In a bid to escape the office Simpson started working with the renowned British hypnotist, Paul McKenna, and neuro-linguistic programming (NLP) Godfather, Richard Bandler.
Then by complete accident he began working in the poker industry after Liv Boeree reached out for some help with her mental game. Boeree then recommended Simpson to Chris Moorman.
The pair began working together and, within a month, Moorman won the World Poker Tour (WPT) LA Poker Classic.
I know. It was pure luck, right? Nothing to do with Dr Simpson at all.

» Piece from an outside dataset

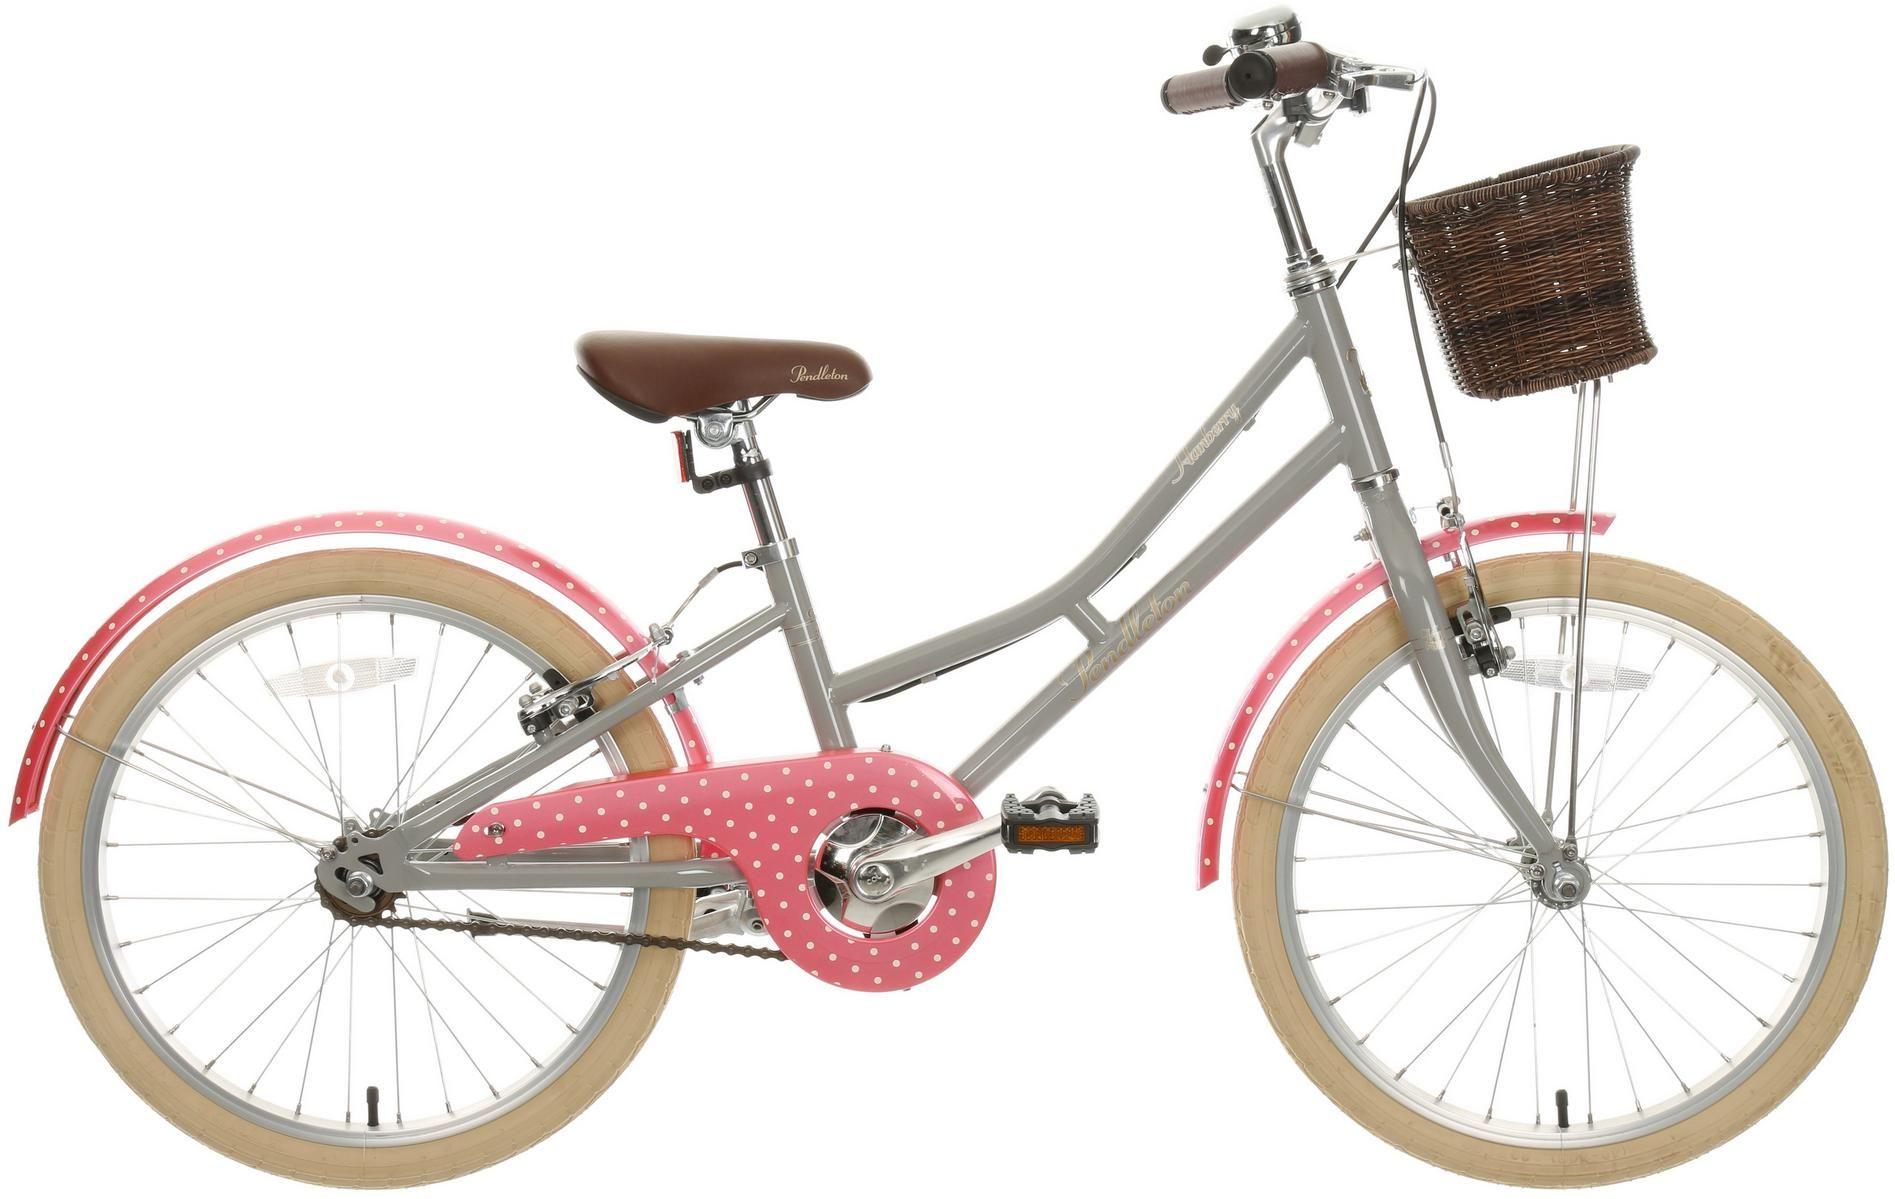 Pendleton Hanberry Kids Bike 20 Wheel Kids Bike Bike 20 Wheels

“At the time I met Stephen and agreed to work with him,” said 888Poker Ambassador and the best online MTT player on the planet, Chris Moorman, “I was in such a bad place mentally that I was probably -EV in a tournament such as the LAPC Main Event.
“It wasn’t that I’d forgotten how to play great poker as such but more that the minute anything went wrong or I’d make a small mistake in a tournament I was unable to recover mentally and regroup.
“Obviously in a six-day tournament there is no possible way you can play mistake-free poker so it was essential to be able to reset my mindset throughout.
“Live poker is a different beast to online in that you have so much time to think while playing and previously I was finding myself unable to clear my thoughts from previous hands.
“Stephen gave me the tools to do this and was able to get me in the ‘zone’ so much more often than I could previously. He gave me the tools to get out of my head so that I could 100% focus on playing my A game thus maximizing my chances of doing well in the tournament.”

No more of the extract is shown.